In computer science, tree traversal is a foundational concept and is widely used in various applications. The Path Sum problem on LeetCode is an excellent example that tests a candidate’s knowledge and skills in tree traversal algorithms, particularly in a binary tree. In this comprehensive article, we will explore the problem in-depth, understand its intricacies, and examine different solutions in Python.

Understanding the Problem

The Path Sum problem asks to determine if the tree has a root-to-leaf path such that adding up all the values along the path equals a given target sum.

For example, consider the following binary tree:

    5
   / \
  4   8
 /   / \
11  13  4
/ \       \
7   2       1

The target sum is 22. There is a path 5 -> 4 -> 11 -> 2, which adds up to 22. So, the answer would be True.

Binary Tree Data Structure

A binary tree is made up of nodes, where each node contains a left reference, a right reference, and a data element. The topmost node is the root of the tree. Here’s how we can define a TreeNode in Python:

class TreeNode:
    def __init__(self, value=0, left=None, right=None):
        self.value = value
        self.left = left
        self.right = right

Approach 1: Recursive Depth-First Search (DFS)

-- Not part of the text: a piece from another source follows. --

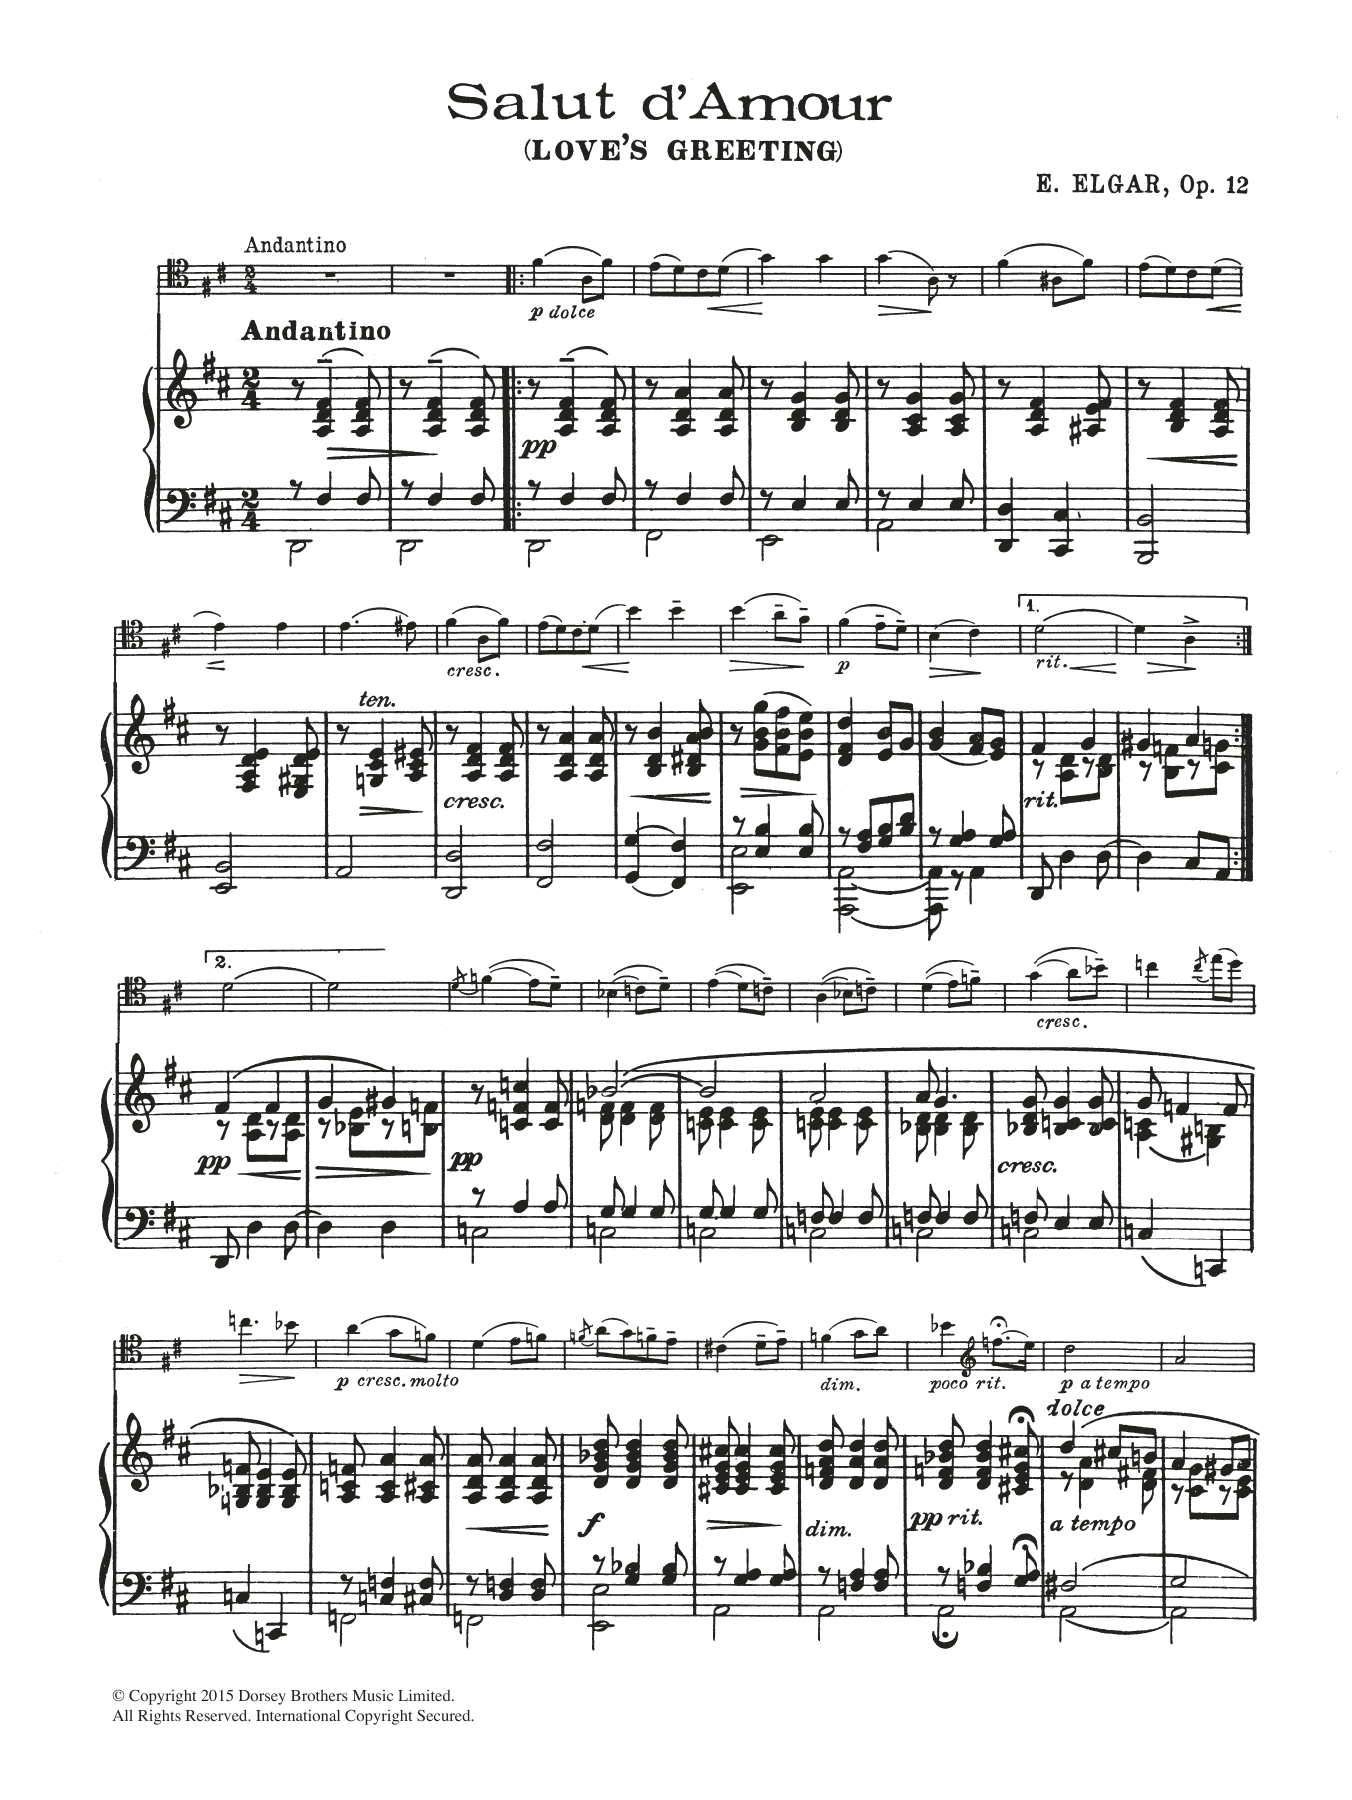 Edward Elgar - Salut D'Amour

One of the common ways to solve the Path Sum problem is by using a depth-first search (DFS). In DFS, we traverse the tree in depth by exploring as far as possible along each branch before backtracking.

Let’s take a look at the Python code for this approach:

class TreeNode:
    def __init__(self, value=0, left=None, right=None):
        self.value = value
        self.left = left
        self.right = right

def hasPathSum(root, targetSum):
    if not root:
        return False
    
    # If this is a leaf node, check if the path sum equals the target sum.
    if not root.left and not root.right:
        return targetSum == root.value
    
    # Recursively check the left and right sub-trees.
    return (hasPathSum(root.left, targetSum - root.value) or 
            hasPathSum(root.right, targetSum - root.value))

This approach has a time complexity of O(N) where N is the number of nodes, as it visits each node once.

Approach 2: Iterative Depth-First Search (DFS)

An alternative to the recursive DFS is the iterative DFS using a stack. This can sometimes be more efficient in terms of memory usage.

Here is the Python code that uses an iterative DFS approach:

def hasPathSum(root, targetSum):
    if not root:
        return False
    
    stack = [(root, targetSum - root.value)]
    
    while stack:
        node, curr_sum = stack.pop()
        
        # If this is a leaf node, check if the path sum equals the target sum.
        if not node.left and not node.right and curr_sum == 0:
            return True
        
        if node.right:
            stack.append((node.right, curr_sum - node.right.value))
        if node.left:
            stack.append((node.left, curr_sum - node.left.value))
    
    return False

This approach also has a time complexity of O(N).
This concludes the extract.